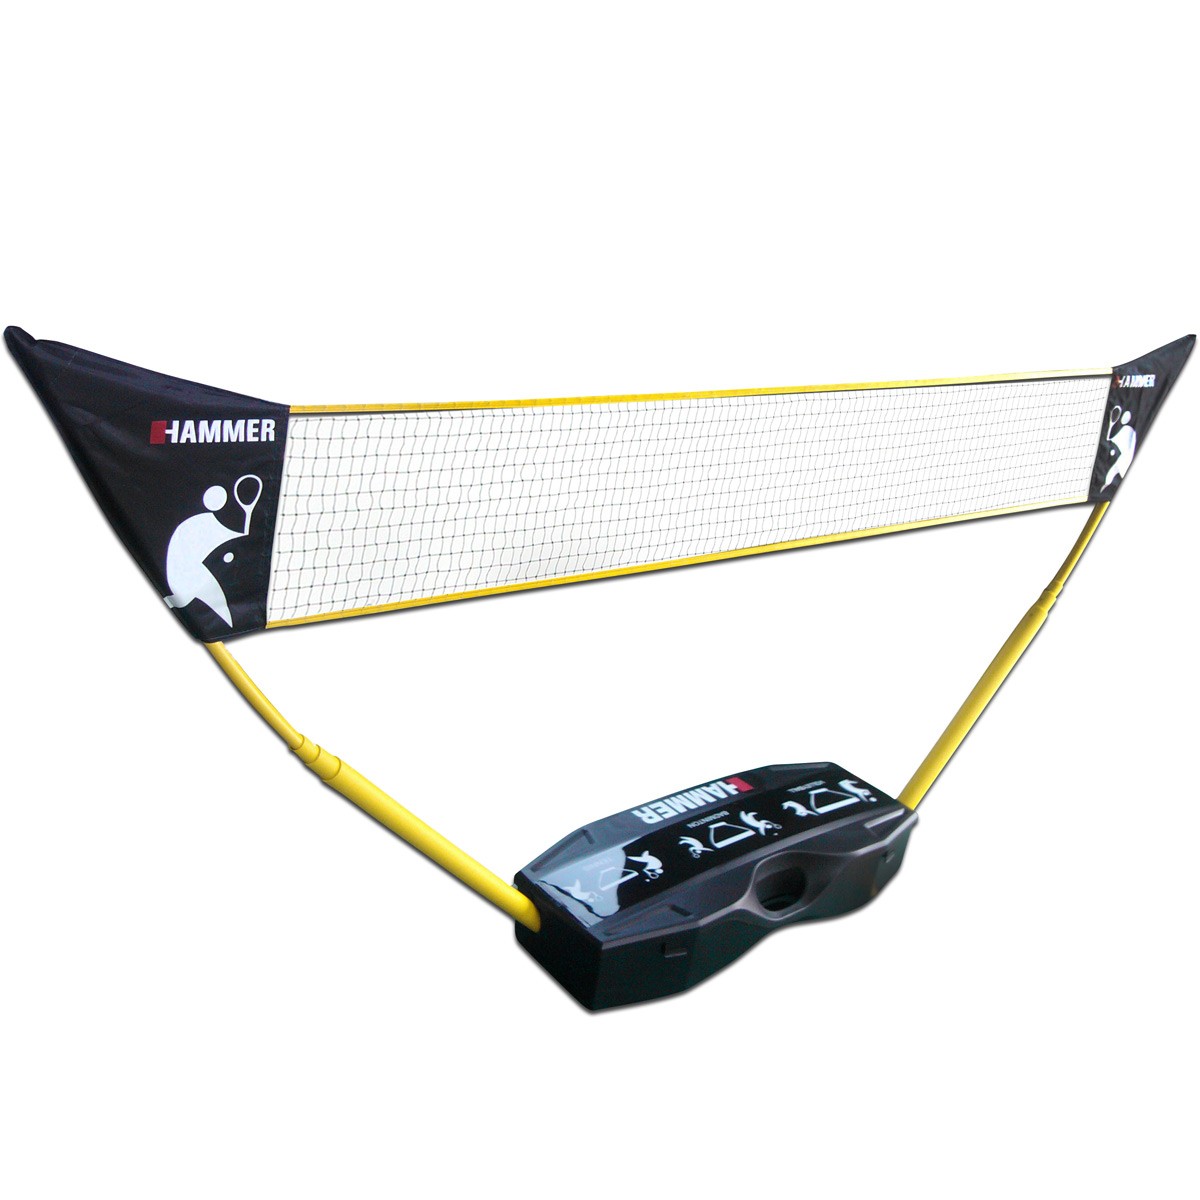 Hammer 3 in 1 Netze-Set für Volleyball Badminton & Tennis 
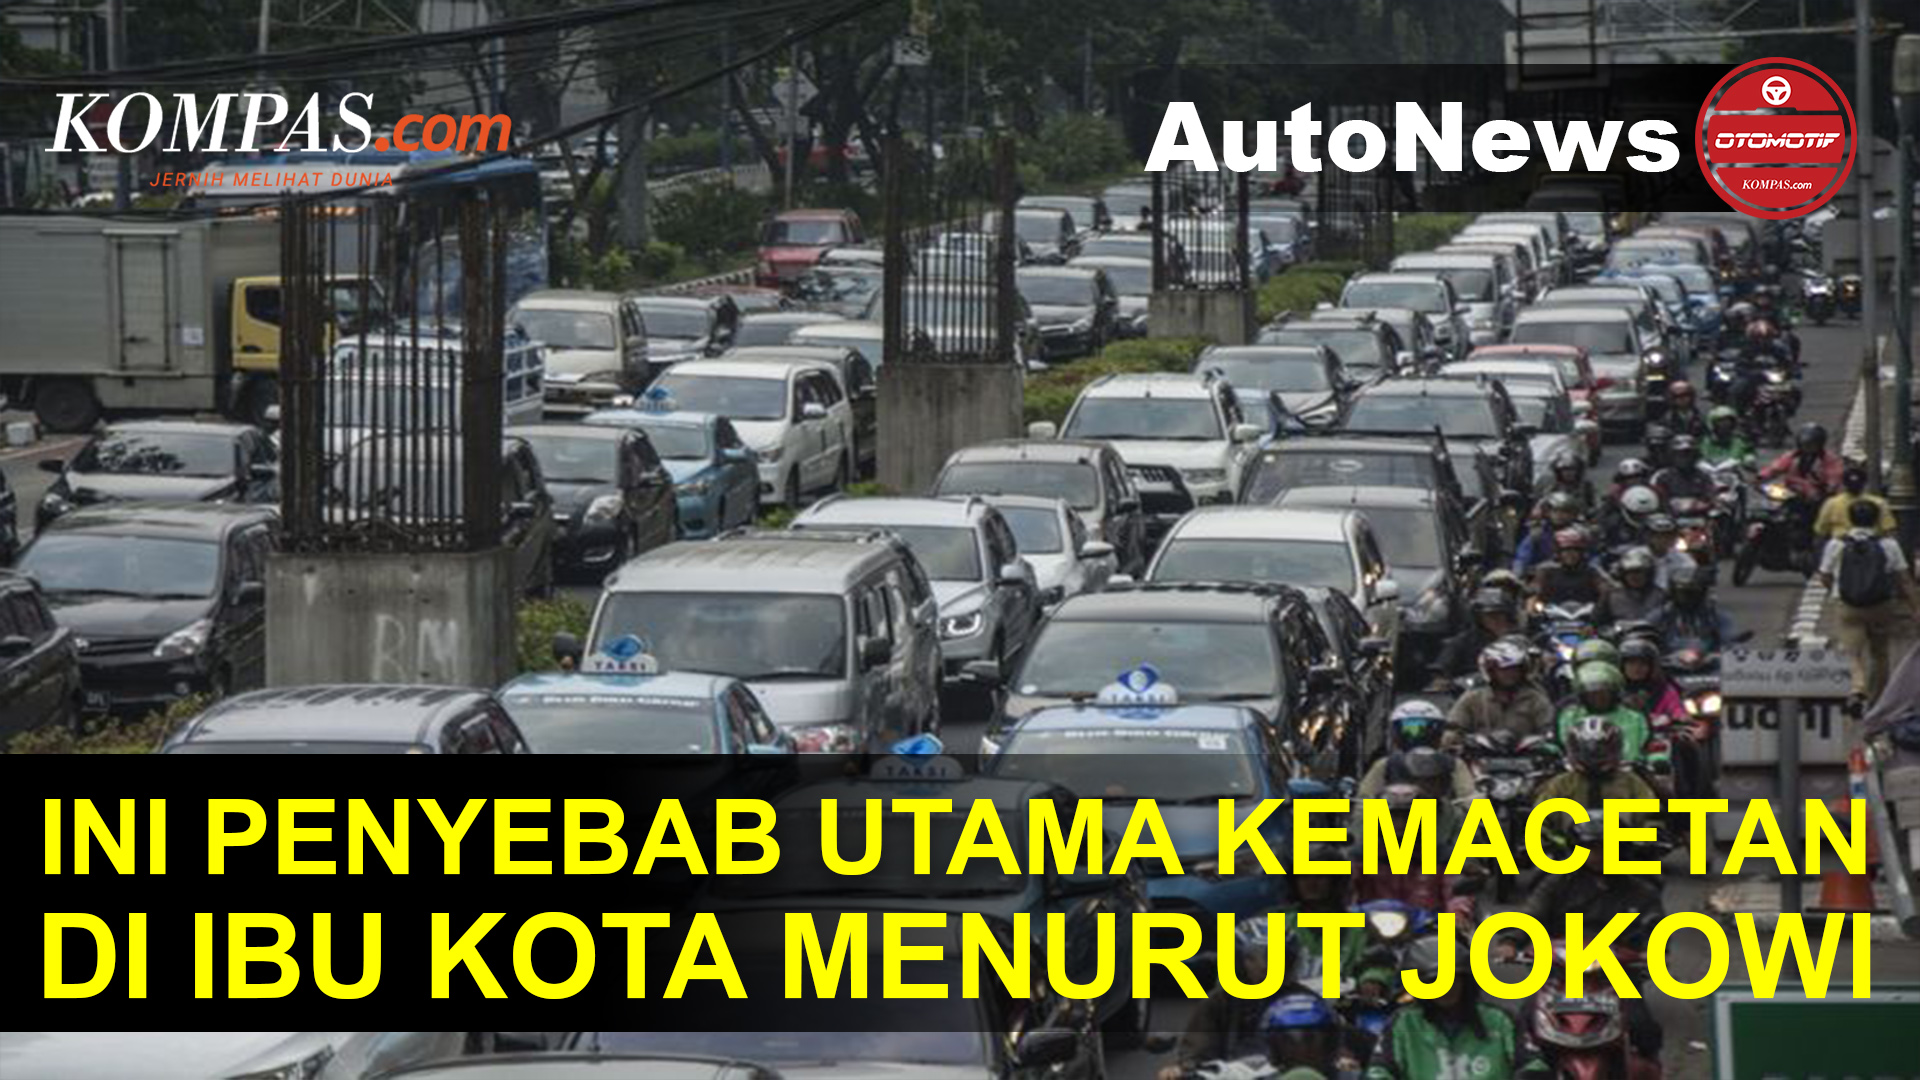 Jokowi Ungkap Penyebab Utama Kemacetan di Ibu Kota
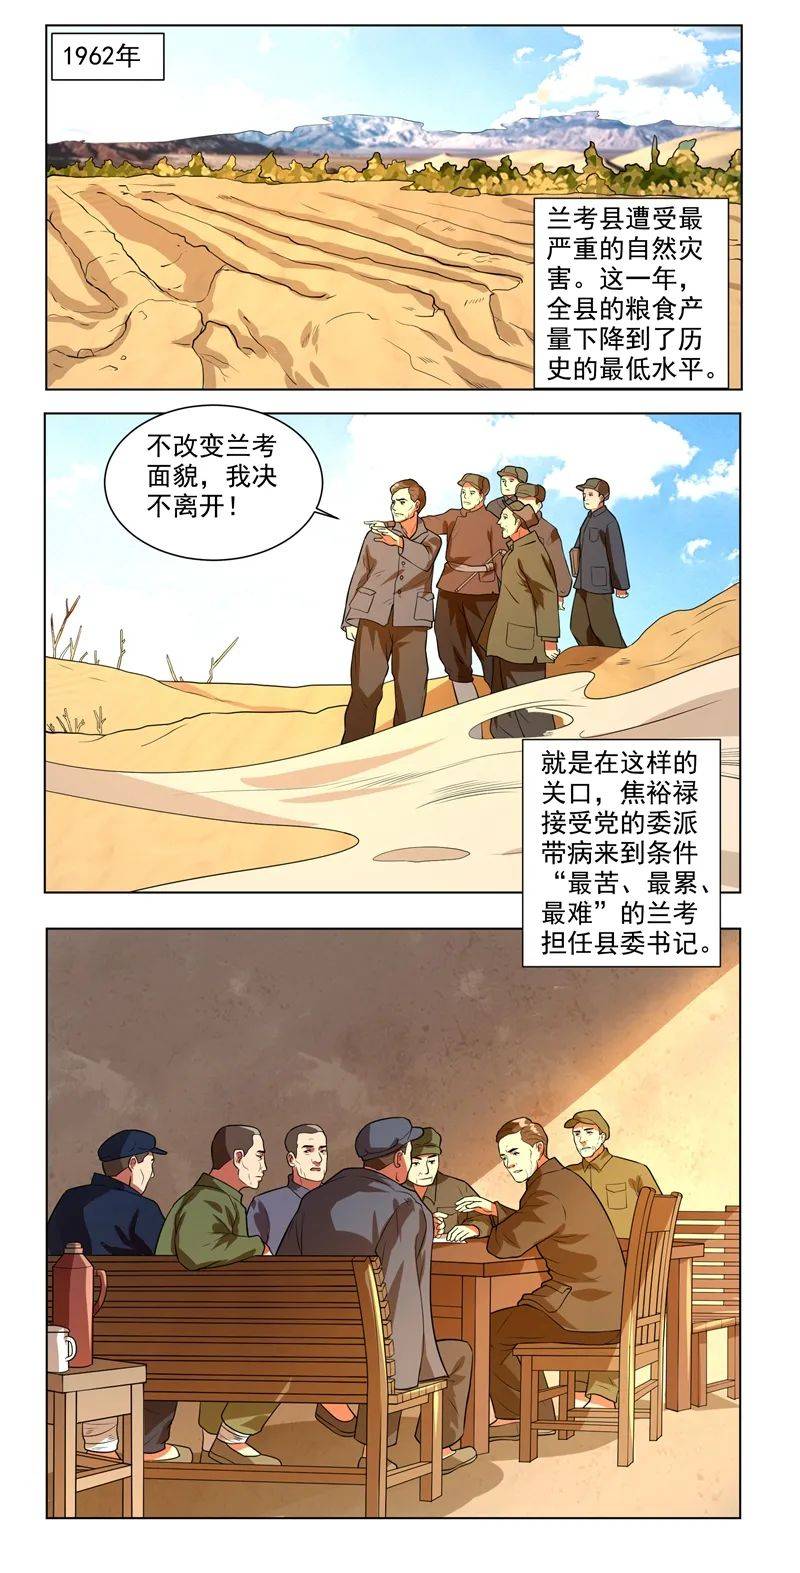 【学四史】漫画新中国史:焦裕禄
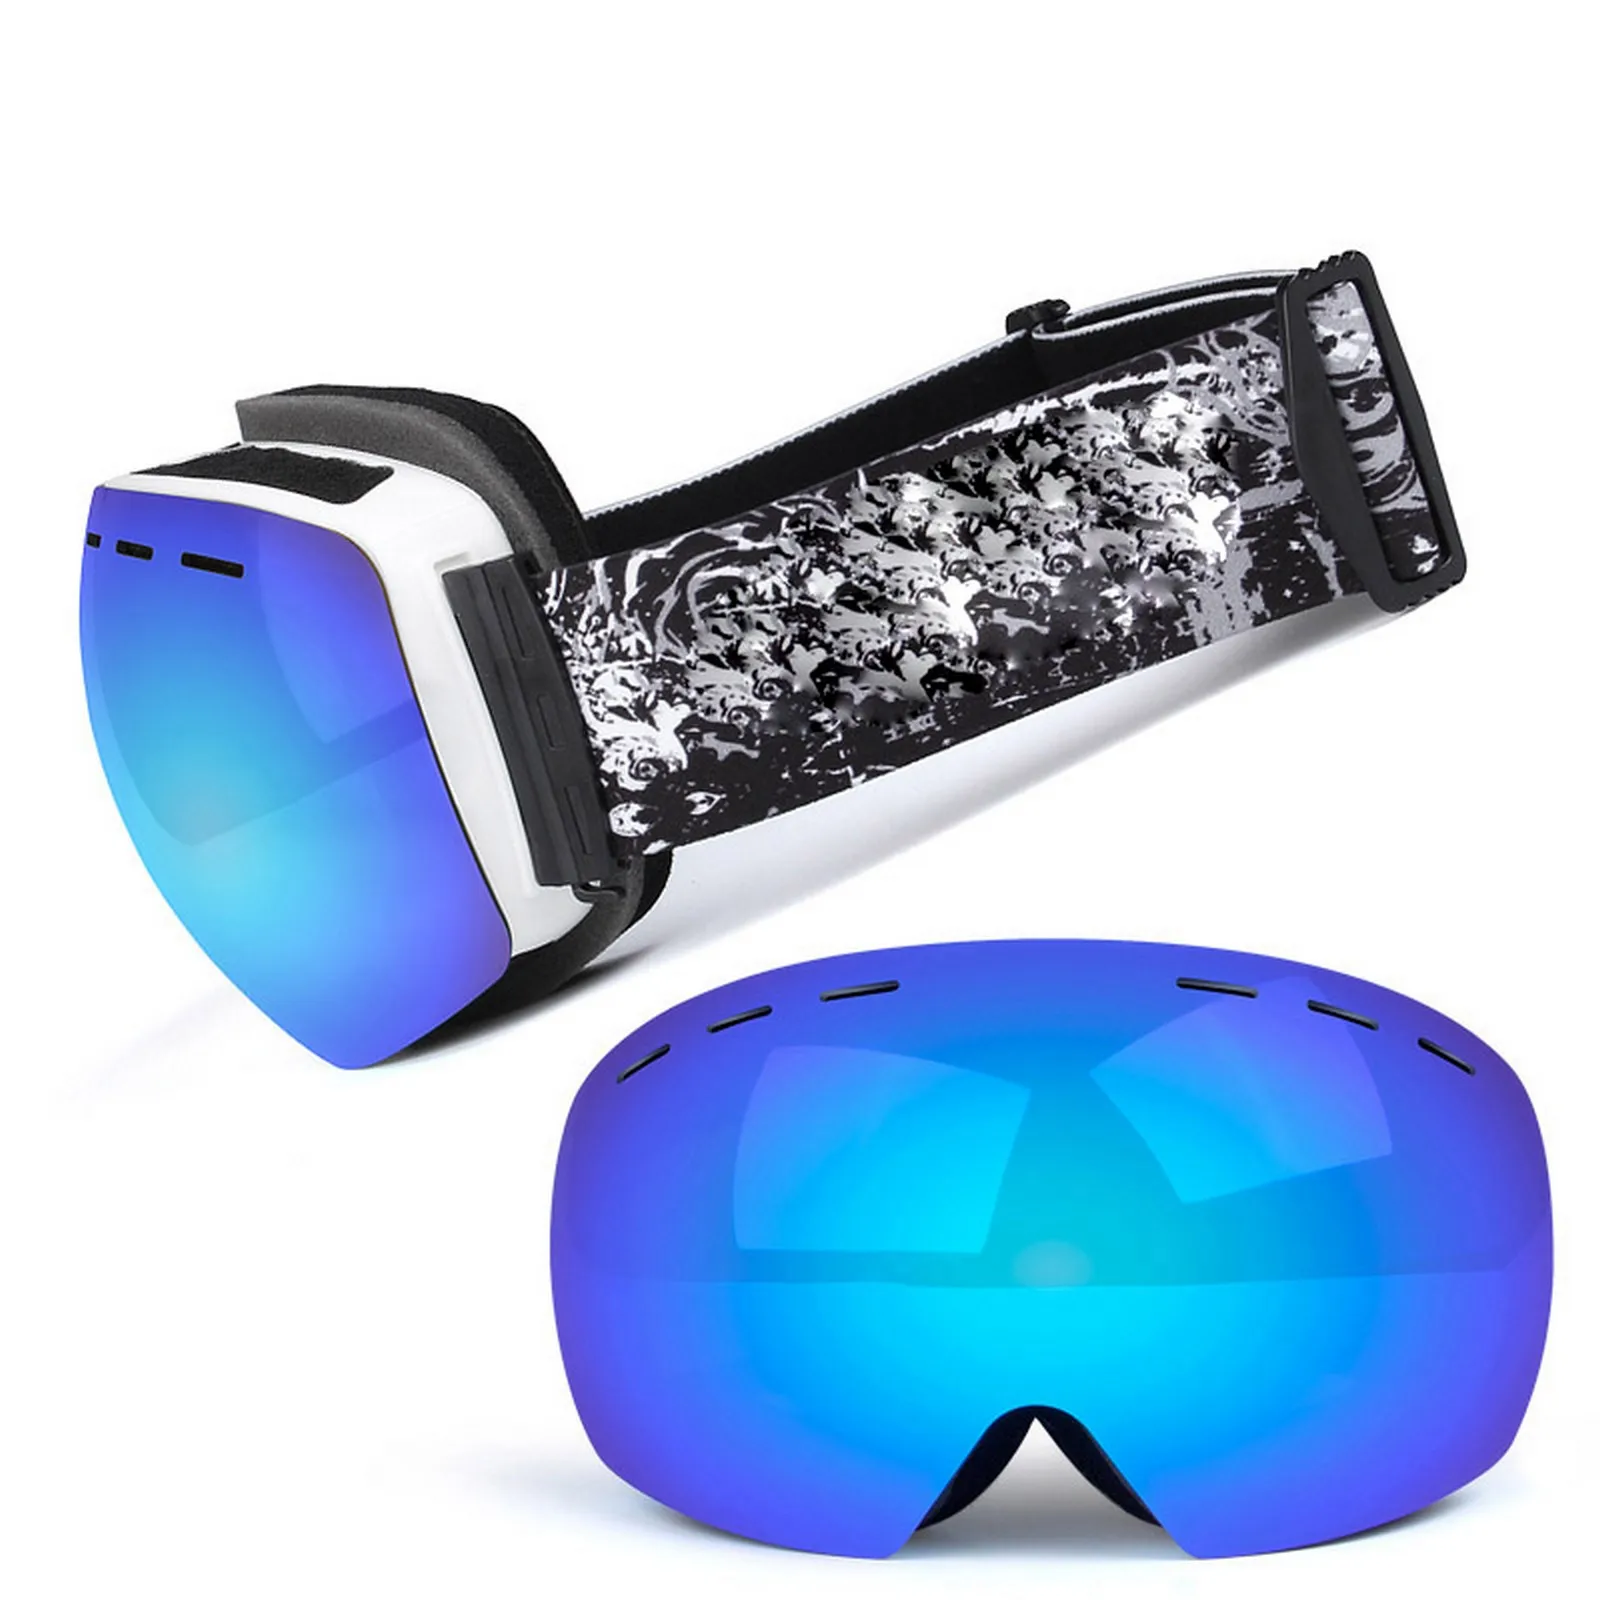 

Лыжные очки для улицы, защита от УФ лучей, двухслойные противотуманные сферические очки для мужчин и женщин, ветрозащитные очки для альпинизма, оборудование
════════
* **Task directions**: Images are to be skipped, and each line above is to be returned exactly.

* **Answer for the task**:
 Hammer 3 in 1 Netze-Set für Volleyball Badminton & Tennis 
 Jokowi Ungkap Penyebab Utama Kemacetan di Ibu Kota
 【学四史】漫画新中国史:焦裕禄

Лыжные очки для улицы, защита от УФ лучей, двухслойные противотуманные сферические очки для мужчин и женщин, ветрозащитные очки для альпинизма, оборудование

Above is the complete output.